Impacts of plant extended phenotype (endophyte) and grass species on the abundance of influential fungal genera within the PLSDA related to Experiment 2. Only those genera that featured strongly as VIP >1 were analysed further using either (a–c) two-way ANOVA or (d) one-way ANOVA. Untransformed means of statistically significant different genera (P < 0.05) are shown. (a) Black open bars, RG_nil (ryegrass without endophyte); black closed bars, RG_EP (ryegrass infected with Epichloë sp.); blue open bars, MF_nil (meadow fescue without endophyte); blue closed bars, MF_EP (meadow fescue infected with Epichloë uncinata U2,); red open bars, TF_nil (tall fescue without endophyte); red closed bars, TF_EP (tall fescue infected with Epichloë coenophiala AR542). (b) Open bars, nil (grasses without endophyte); closed bars, grasses infected with Epichloë sp.. (c) Black bars, RG (ryegrass); blue bars, MF (meadow fescue); red bars, TF (tall fescue). (d) Open bars, RG_nil (ryegrass without endophyte); closed bars, RG_WT (ryegrass infected with E. festucae var. lolii wild-type); downward striped bars, RG_AR1 (ryegrass infected with E. festucae var. lolii AR1); upward striped bars, RG_AR37 (ryegrass infected with Epichloë sp. LpTG-3 strain AR37); stippled bars, RG_NEA2 (ryegrass infected with E. festucae var. lolii NEA2). Abundances were Box–Cox transformed prior to ANOVA; within each genus, treatment means with the same letter are not significantly different according to Tukey’s HSD at P = 0.05.

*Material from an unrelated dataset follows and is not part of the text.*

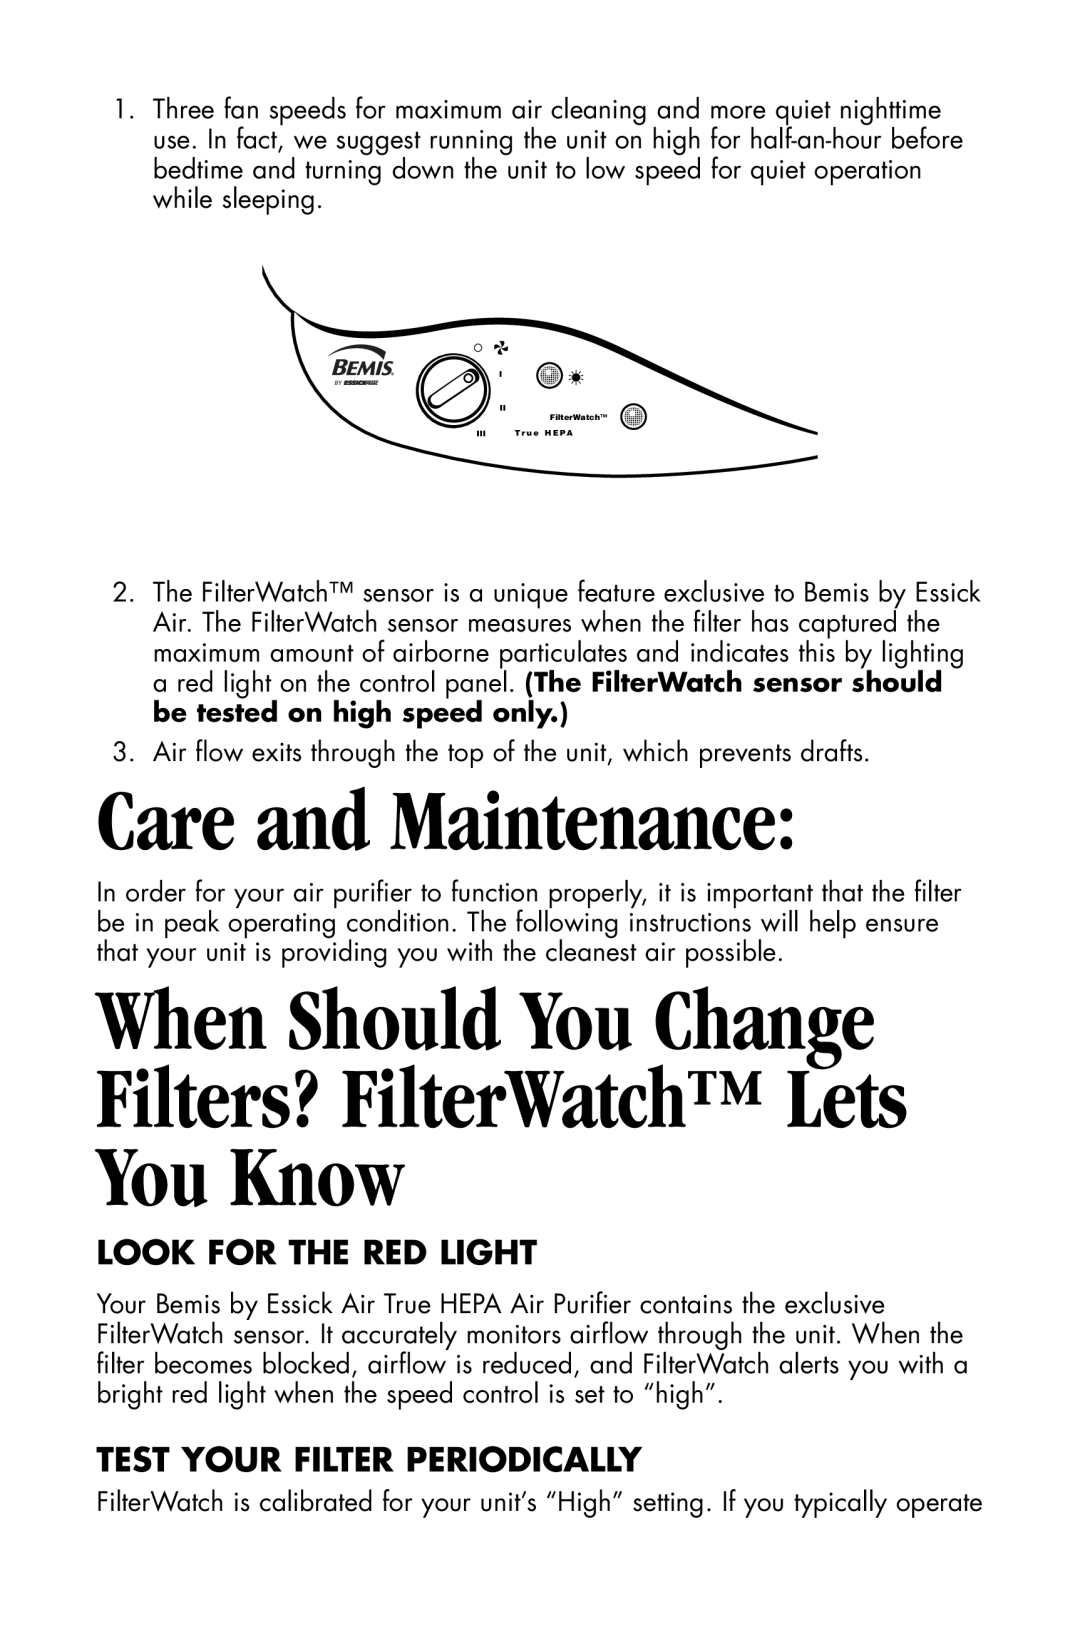 Essick Air 127-001 manual Care and Maintenance, When Should You Change, You Know, Filters? FilterWatch Lets 
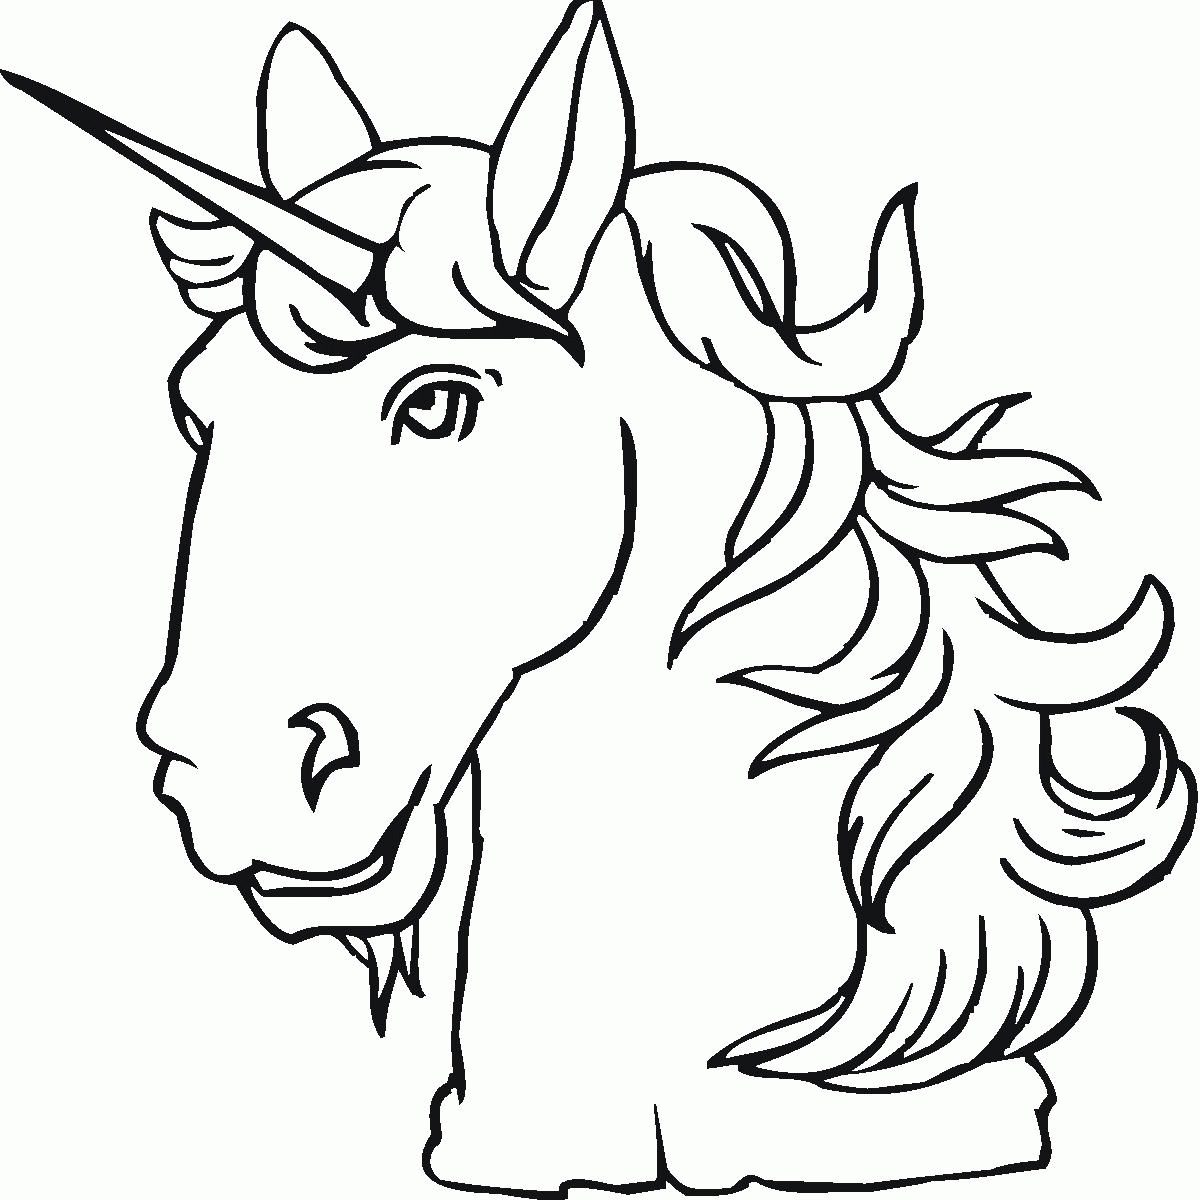 Free Unicorn Head Coloring Pages, Download Free Unicorn Head Coloring

In total, 22 bacterial genera were significantly different (VIP >1.0), with seven of these being most important for segregation on axis 1, seven on axis 2, seven on axis 3, and one on axis 4. Six bacterial OTUs were significantly affected by the interaction between grass species and endophyte infection (Fig. 6a). Flavisolibacter sp. (Bacteroidetes, Chitinophagaceae) and Opitutus sp. (Verrucomicrobia) were more abundant in RG_nil soil than in MF_nil and TF_nil soils (Flavisolibacter sp.), and in TF_nil soil only (Opitutus sp.) (Fig. 6a). An unclassified Verrucomicrobiaceae was more abundant in MF_nil than in TF_nil soil, while an unclassified Bacillales and the nitrite-oxidising nitrifier Nitrospira sp. were most abundant in TF_EP soil. Verrucomicrobium sp. was more abundant in MF_nil soil than in RG and TF_nil soils. Two bacterial OTUs were significantly affected by the endophyte status of the grass species: the N-fixing Rhizobium sp. and the Gammaproteobacteria Legionella sp., both of which were less abundant in soils from endophyte-infected than uninfected grasses (Fig. 6b). Most bacterial genera (14) were affected by grass species and the groups with abundance >15 were further analysed. The Actinobacterium Conexibacter sp. and an Acidobacteria_Gp1 were more abundant in RG than in MF and TF soils, whereas the Acidobacteria_Gp3, the Chitinophagaceae Segetibacter sp. and an unclassified Myxococcales were more abundant in RG and TF than in MF soils (Fig. 6c). The Sphingobacteria Mucilaginibacter sp. was most abundant in RG and MF soils. The Bacillales Mucilaginibacter sp., an unclassified Polyangiaceae and OD1 were all most abundant in TF soils (Fig. 6c). Three bacterial genera were differentially affected by endophytic strain. An unclassified Chitinophagaceae, an unclassified Sphingomonadales and the Actinobacterium Solirubrobacter sp. were all highly abundant in RG_nil and RG_AR37 soils (Fig. 6d).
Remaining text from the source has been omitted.